# What size harness to bring home a puppy? will this work?



## Neko (Dec 13, 2012)

Hello! 

We will have a good 8 hour drive for our puppy and will have to stop. 
I would feel more comfortable with a harness on him until I get him home, 

(P.S. we wont stop at rest stops =) and I will be in the back seat with the baby the whole time!

Any idea what size harness for 8 weeks? I searched the forum and found a few collar sizes to start with, but not a harness size.
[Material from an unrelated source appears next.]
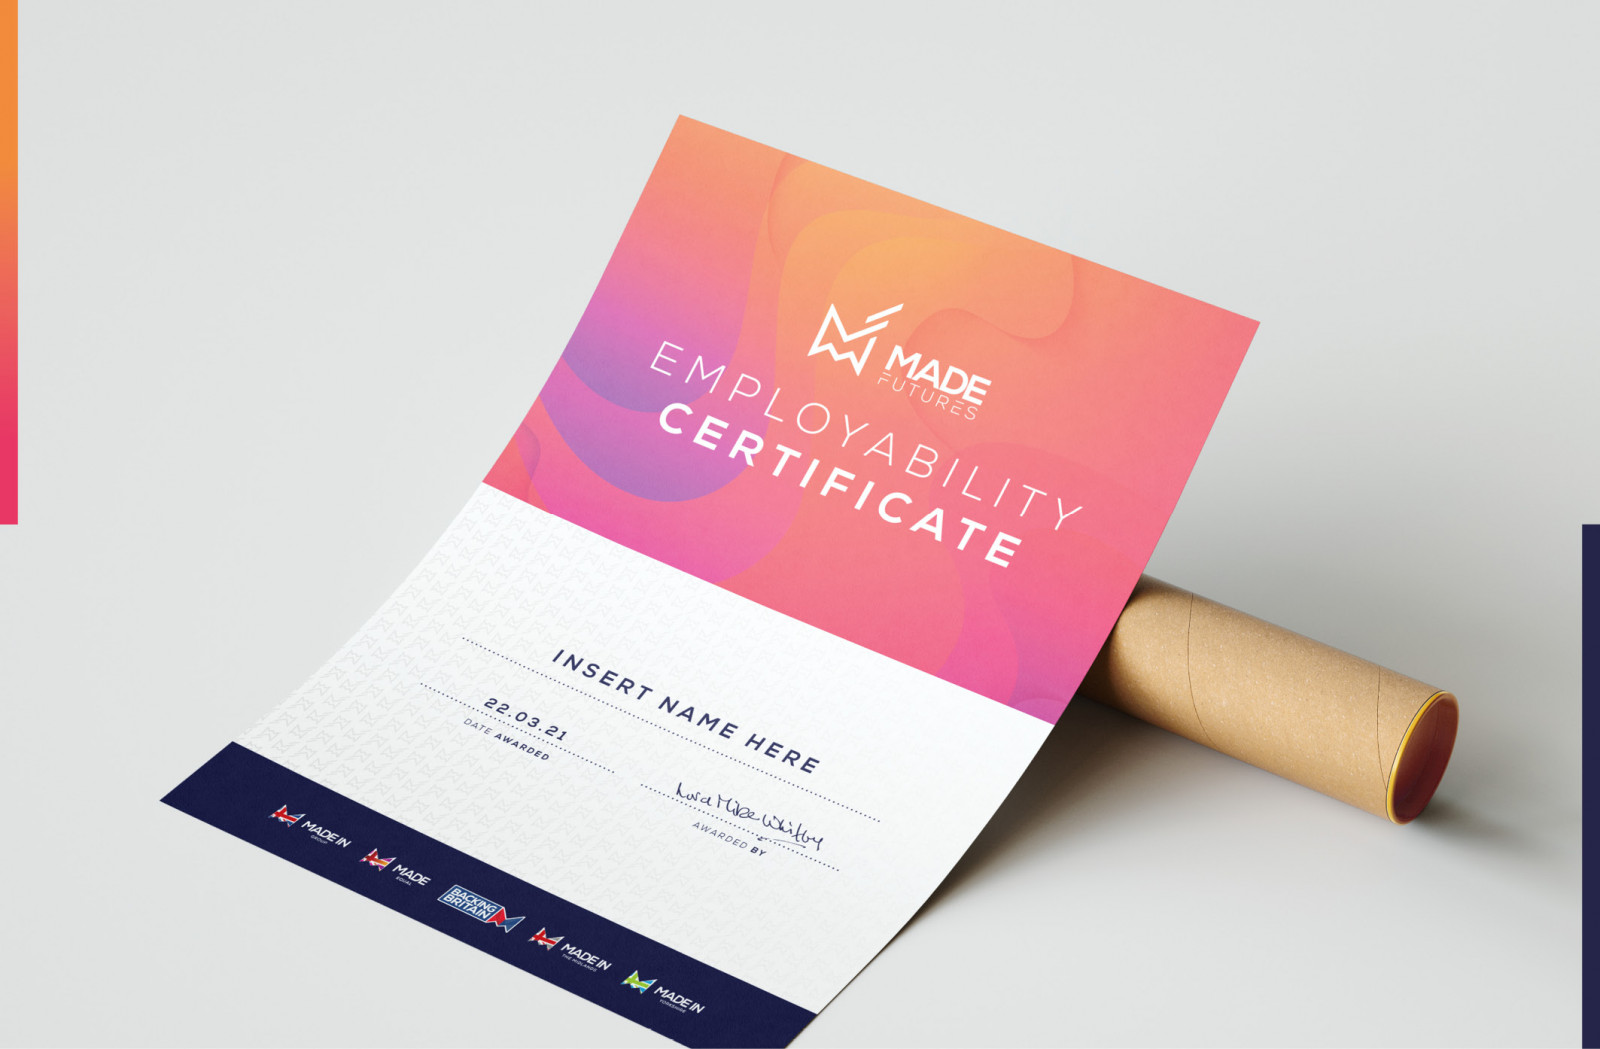 Made Futures “Employability Certificate” Launched  to Support Job Seekers

I am also trying to do most of my shopping online to use up my paypal account. 

Would something like this work? 
Kwik Klip Adjustable Dog Harness - PetSupplies.com

It looks adjustable 

Small: Chest Strap: Adjusts 13 - 21"; Neck Strap: Adjusts 9 - 14" x 5/8" Width.
Fits dogs similar in size to a standard Toy Poodle

Medium: Chest Strap: Adjusts 17 - 29"; Neck Strap: Adjusts 12 - 18" x 3/4" Width.
Fits dogs similar in size to a standard Cocker Spaniel 


Thank you! any other feedback for a long ride home would be great =) 
I can't wait.................. how do people have patience I have no idea....


----------



## Sunflowers (Feb 17, 2012)

First of all, congratulations!

Hans fit into a small, but not for long. Ask your breeder how many pounds he weighs. Hans weighed 10 pounds.


----------



## Neko (Dec 13, 2012)

Thank you! we honestly can't even believe that this is really happening! I am sure we will when we have to make the 8 hour drive t get him hehe =) 

I will ask her for sure, he is only 2 weeks now so it will be a while. I was trying to get some things in advance, anything I can order online is a huge bonus for me.


----------